» What the task asks: Without any of the pictures, set down the data below exactly.

» Source material:
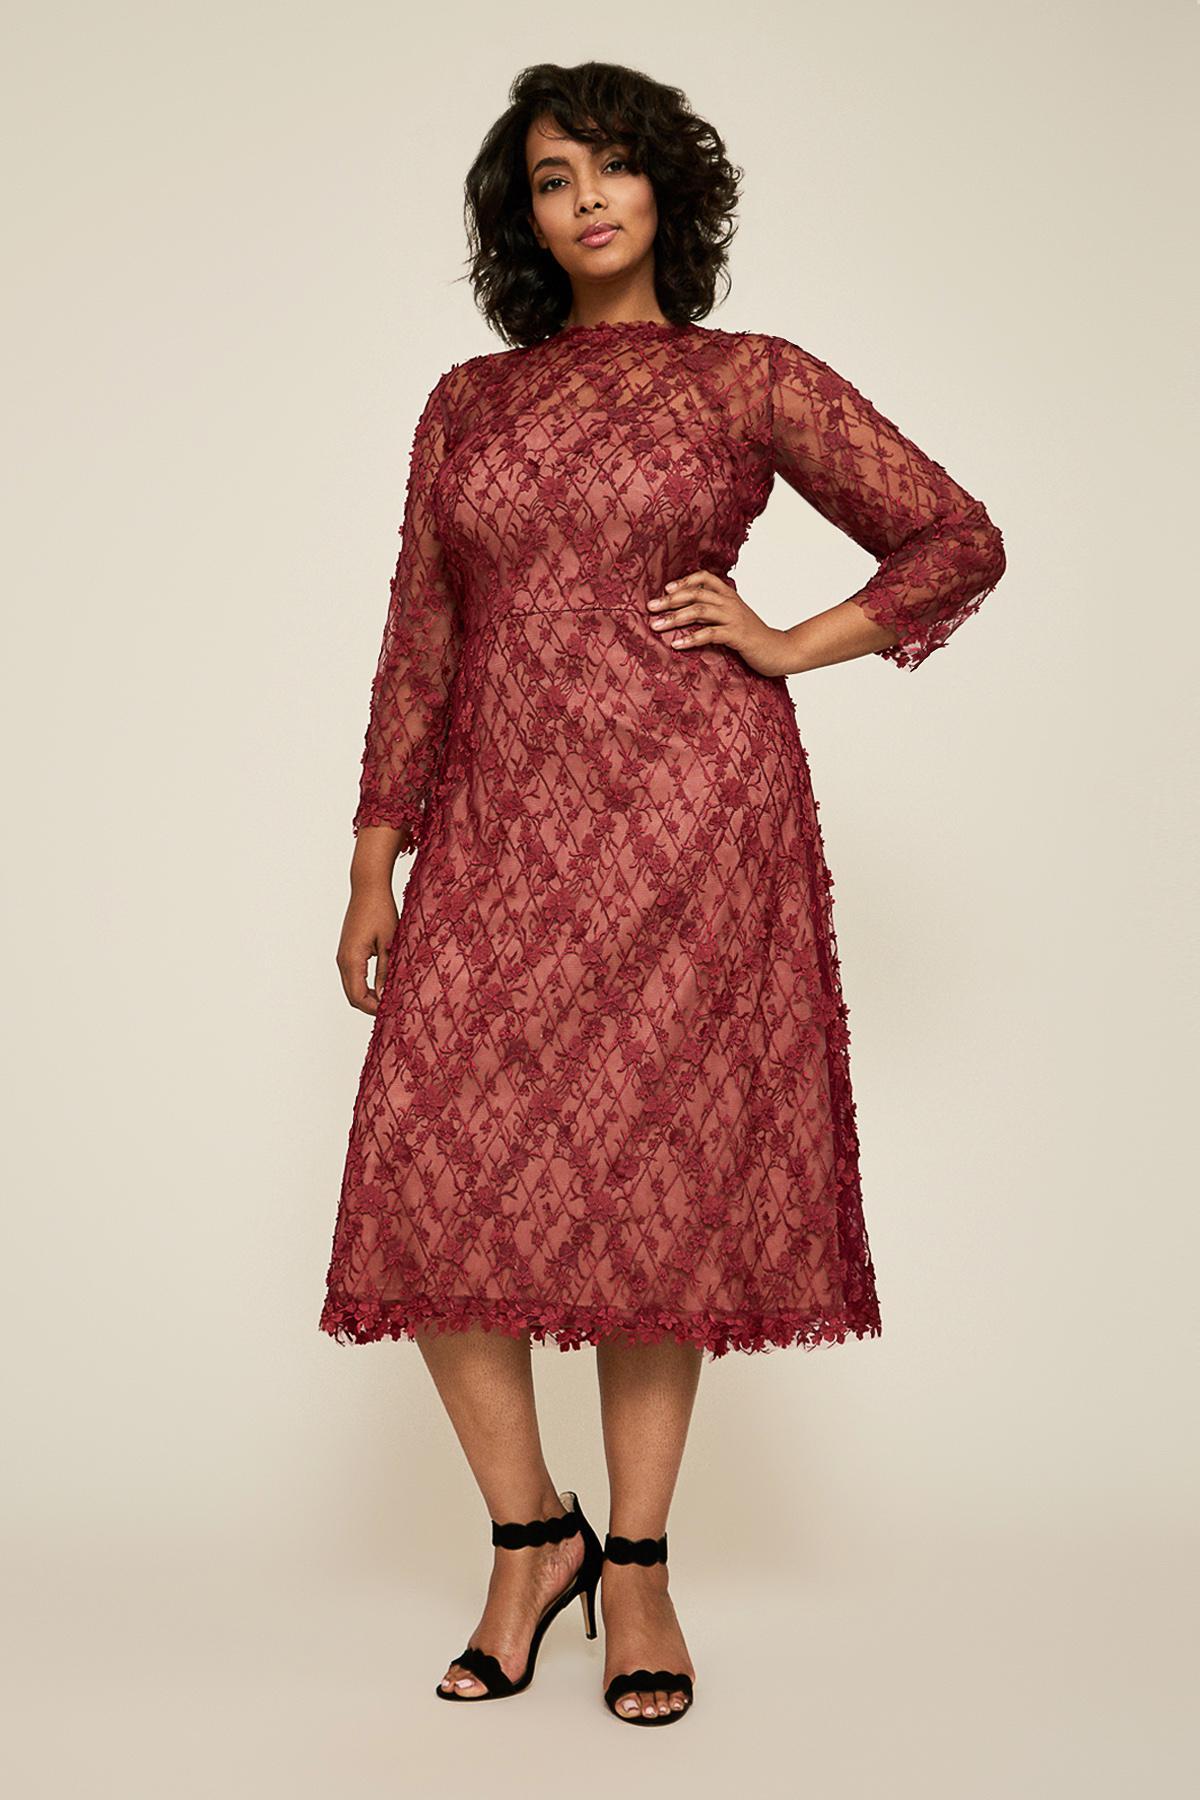 ac562a7aa3d90 Lyst - Tadashi Shoji Binx Embroidery Tea-length Dress - Plus Size in Red
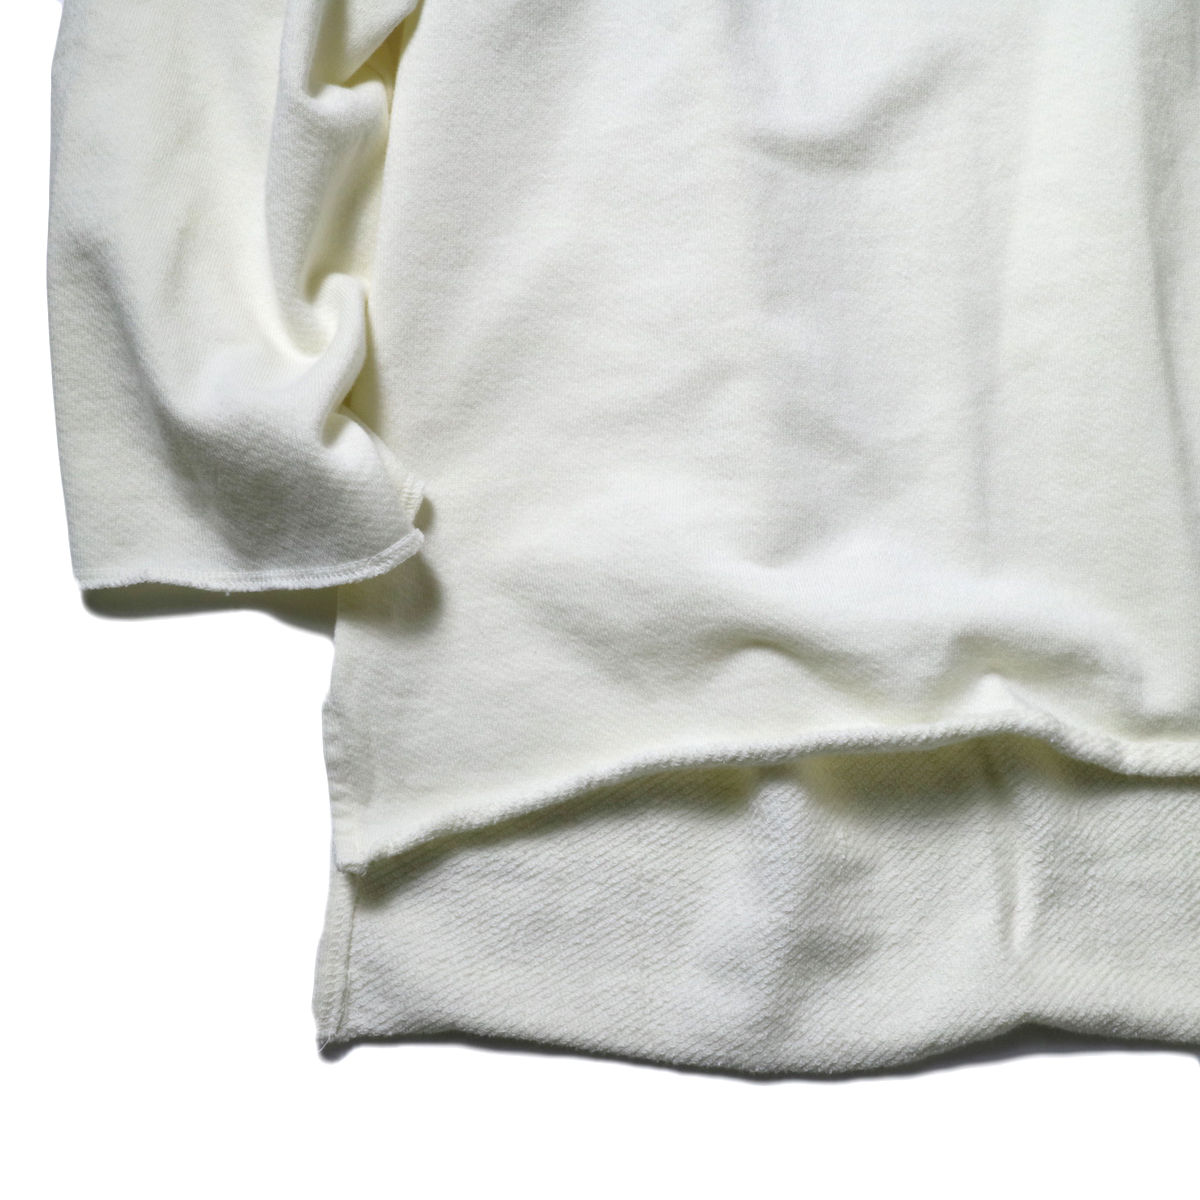 alvana / ULTIMATE CUT OFF L/S PO (IVORY)袖、裾
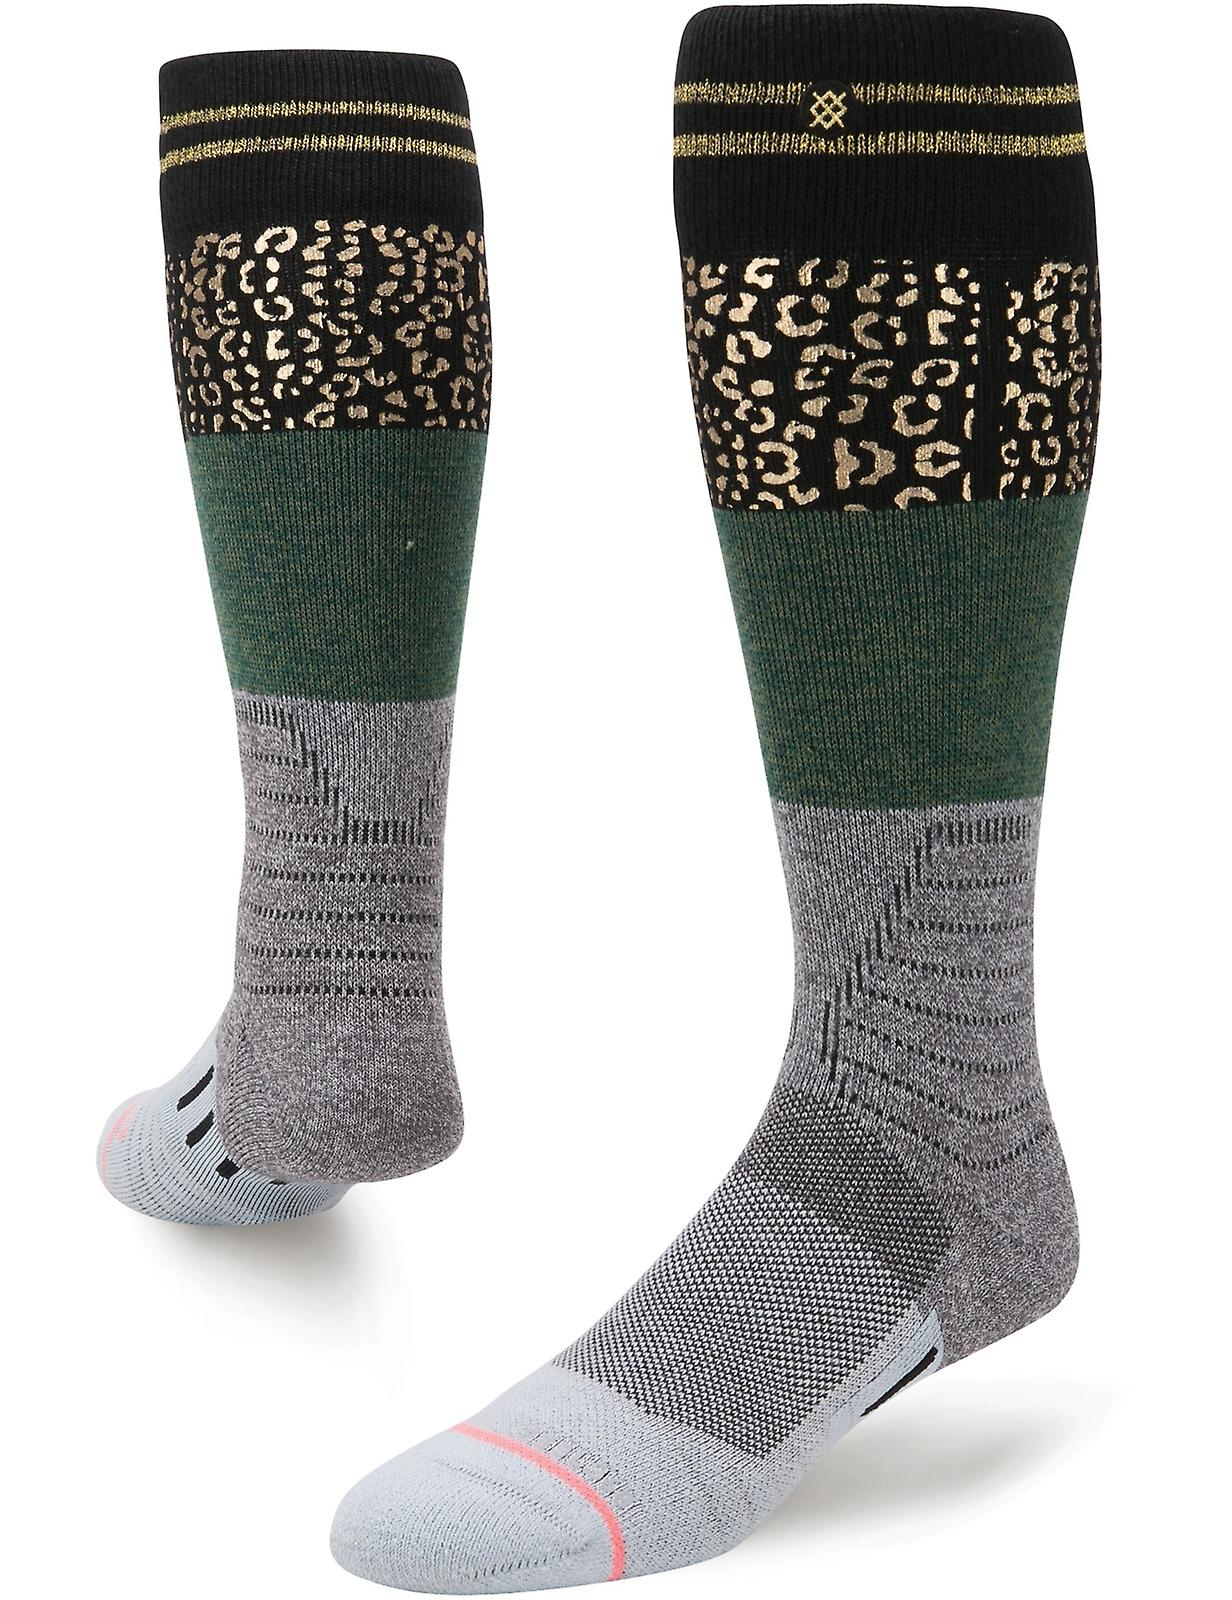 Stance Party Mtn Crew Socks

» Response:
 ac562a7aa3d90 Lyst - Tadashi Shoji Binx Embroidery Tea-length Dress - Plus Size in Red
 alvana / ULTIMATE CUT OFF L/S PO (IVORY)袖、裾
 Stance Party Mtn Crew Socks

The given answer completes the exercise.